Histórias
sobrenaturais de Rudyard Kipling é uma compilação de contos que se deslocam das
especialidades que consagraram Kipling. Este escritor, aparentemente, não é tão
famoso aqui no Brasil — de minha parte, não o conhecia, mas como eu não sou
todo mundo, pode ser que eu esteja enganado com relação ao seu reconhecimento.
Tornou-se célebre sobretudo na Inglaterra e na Índia por suas histórias
infanto-juvenis. O livro mostra outra faceta de sua extensa e rica produção
literária, num conjunto que apresenta suspense, comédia e mistérios, sempre
ligado pelo fio do sobrenatural.
Kipling
é filho de ingleses erradicados na Índia do século XIX, quando o imenso
território indiano era subjugado pelos britânicos, que não os permitiam aspirar
a mais do que a condição de colônia. Por isso, é perceptível que a esmagadora
maioria dos contos — escritos por um inglês — tem como cenário essa enorme e
diversificada massa de terra e de culturas. Invariavelmente, os protagonistas
são ingleses. Indianos, em condição de inferioridade, são depravados moralmente
ou aparecem sob uma silenciosa subalternidade. Nada de novo no front, afinal.
Sinopse
Escolhi
alguns contos para exemplificar o estilo do livro e do autor, uma vez que eles
seguem a mesma lógica que eu expliquei acima. Em O Jirinquixá Fantasma, conto divertidíssimo e um pouco
enlouquecedor, Kipling conta a história de Jack, funcionário inglês erradicado
na Índia, que, ainda em sua viagem para o país que vai trabalhar, conhece Mme.

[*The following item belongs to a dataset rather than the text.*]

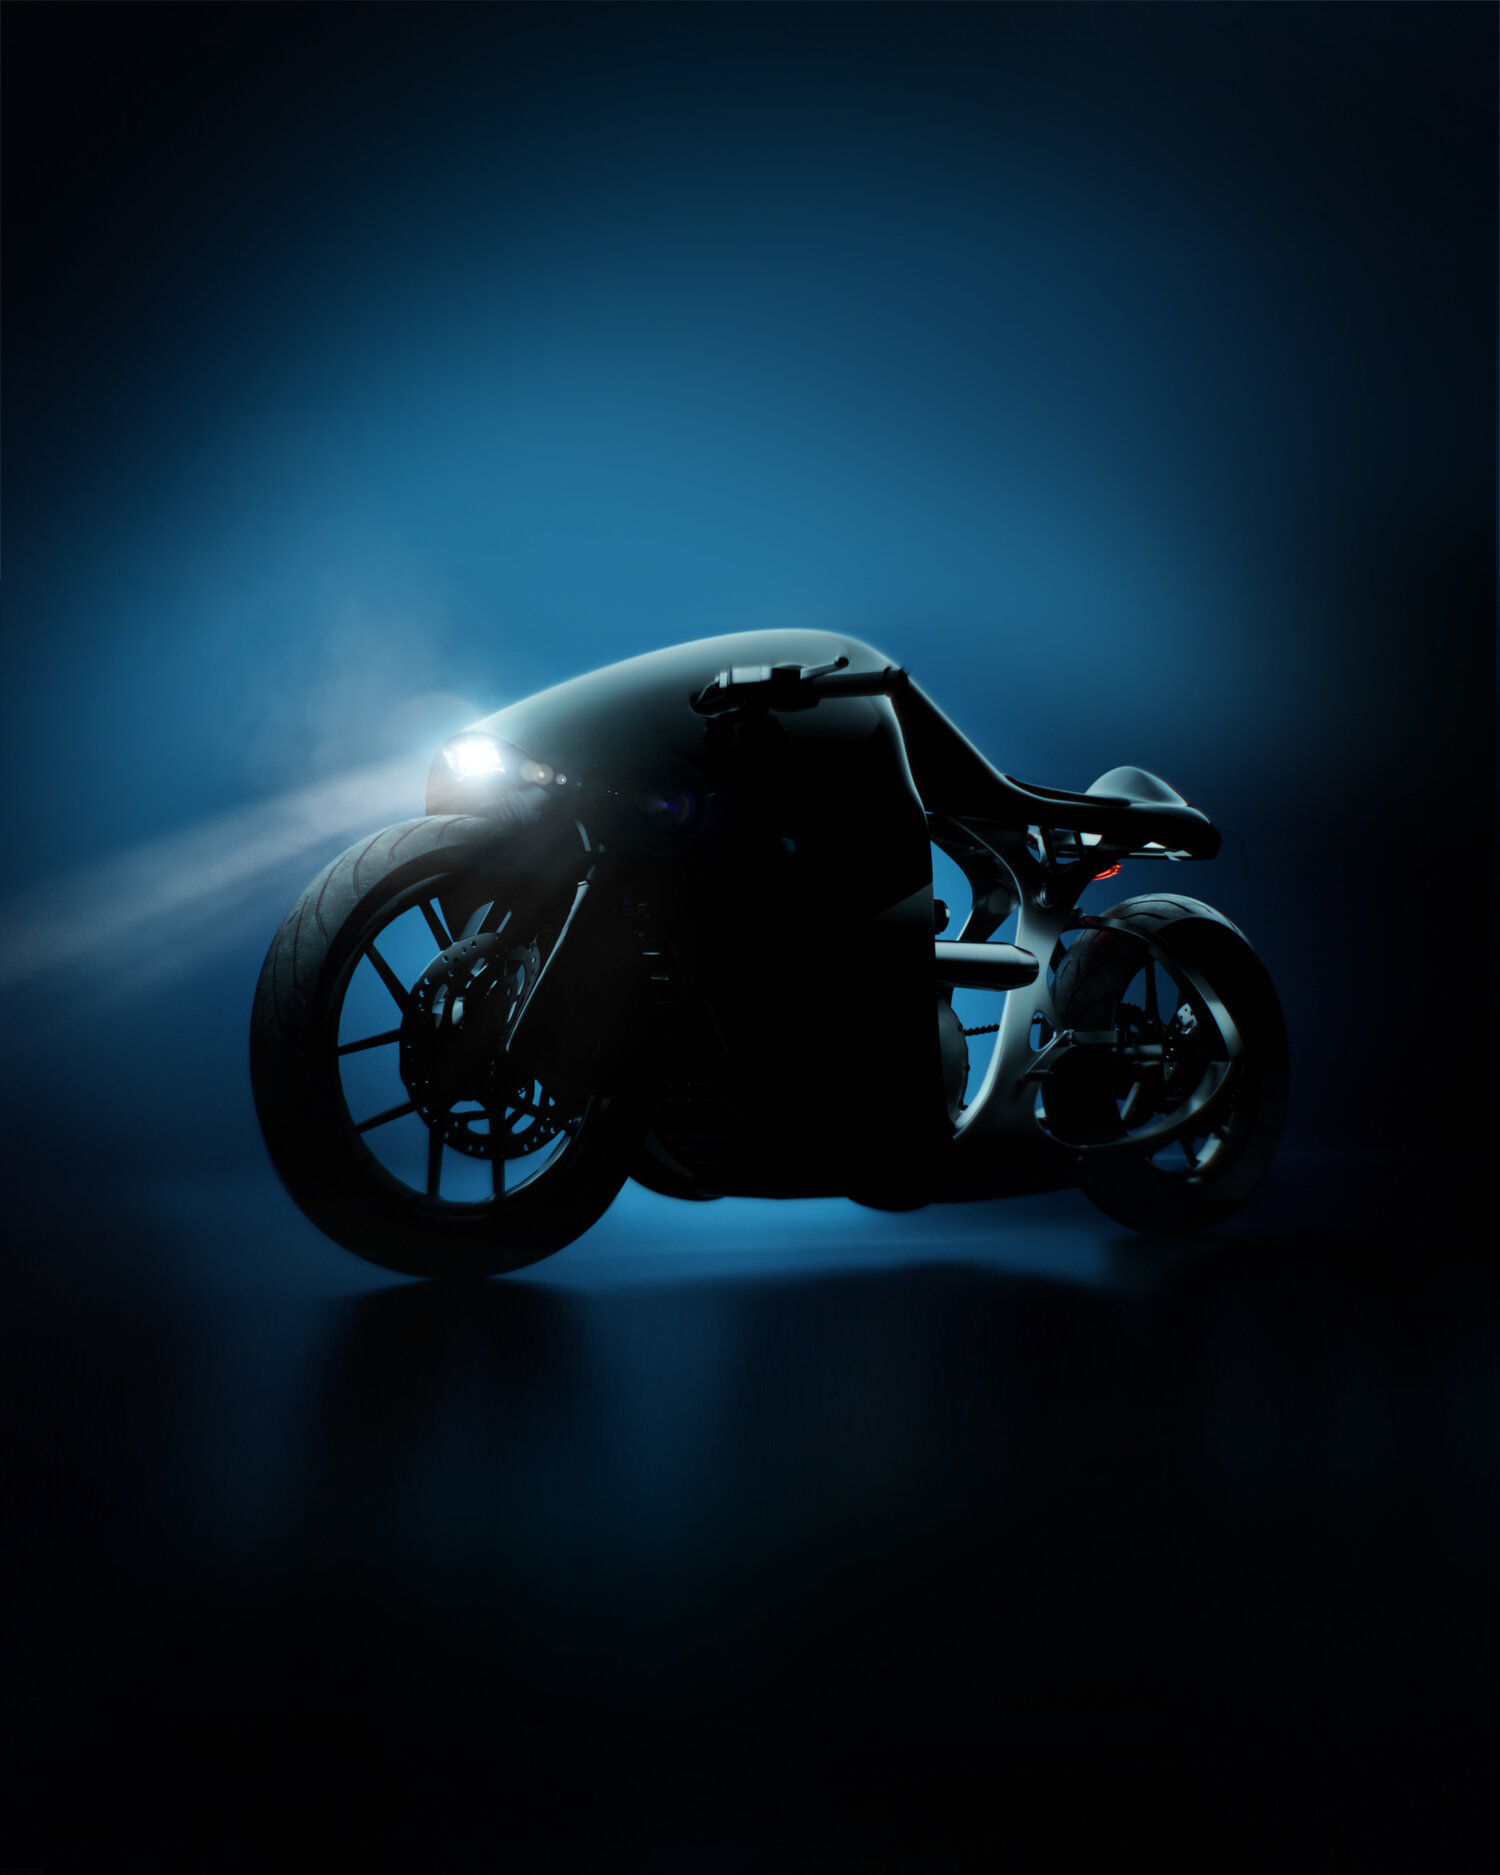 imagen 11 de The Supermarine. La nueva y espectacular motocicleta de Bandit9.

Wessington, uma mulher casada. Os dois iniciam um caso extraconjugal. Logo ele
percebe que isso é um erro; ela concorda. No entanto, ele percebe que a paixão
dos dois é descompensada. A balança pesa mais para o lado dela e a história
está longe do ponto final. A partir do rompimento, a senhora inicia uma
perseguição implacável e sobrenatural a Jack, através do seu fantasmagórico
Jirinquixá.
O despacho de Dana Da nos
apresenta um ocultista que é contratado por um preço exorbitante para lançar
uma maldição a um inimigo do contratante. É aí que o tal inimigo, do outro lado
do mundo, começa a ser alvejado por inúmeros filhotes de gatinhos, que aparecem
em suas malas, em seu quarto, em suas gavetas, em sua cama. Por mais que ele dê
um fim às criaturas, elas sempre voltam. No leito de morte, cobrando mais uma
taxa, o sinistro despachante conta o seu segredo. Excelente sátira dos
trabalhos dos feiticeiros farsantes, que lucram desde aquela época com a
inocência dos desesperados.
Em
O signo da Besta, o policial Strickland — uma das suas personagens mais
conhecidas; aparece em vários contos e tem um jeito carismático — tem que
resolver o mistério de um amigo hospedado em sua casa que, após ser atacado por
um sacerdote lunático que se comunica aos miados, transforma-se numa criatura
violenta e estranha que não conserva nada do normal.
A edição
Fiz
a leitura da quarta edição, realizada pela Bertrand Brasil. Valiosíssima do
ponto de vista informativo. Antes de cada conto, um comentário de Peter Haining
que não deixa dúvida acerca das possíveis inspirações que o moveram e do
recebimento por parte do público à época. A fonte é igual à utilizada numa
edição recente de O amor nos tempos de Cólera; bom, não sei especificar qual o
tipo de letra, mas torna a leitura ainda mais prazerosa. A edição, portanto,
foi o ponto mais positivo da minha experiência com a obra.
O que ficou do que passou
Rudyard
Kipling mostrou ser um ótimo contador de histórias curtas. Todos os enredos
são, nos piores dos casos, medianos. A maioria dos contos é boa, embora alguns
embrulhem os estômagos pela rispidez e naturalidade com que os preconceitos da
época são reproduzidos; mas nem todos se encaixam nesse padrão. Assim como cada um
de nós, Kipling é um homem da sua época; mais do que isso, do seu meio:
aristocrático, colonizador e difusor de uma sociabilidade europeia. A despeito
disso, estritamente na qualidade de escritor, ele demonstrou ser cativante.
Suas
histórias, apesar do sobrenatural, têm muita verossimilhança (em alguns casos,
o autor expressa que a história realmente foi contada por algum amigo ou mesmo
presenciada por ele mesmo e repaginada com fantasmas) e provoca nos mais
crédulos a dúvida a respeito de se Kipling presenciou de fato tudo aquilo ou se
é, afinal, fruto de uma mente imaginativa.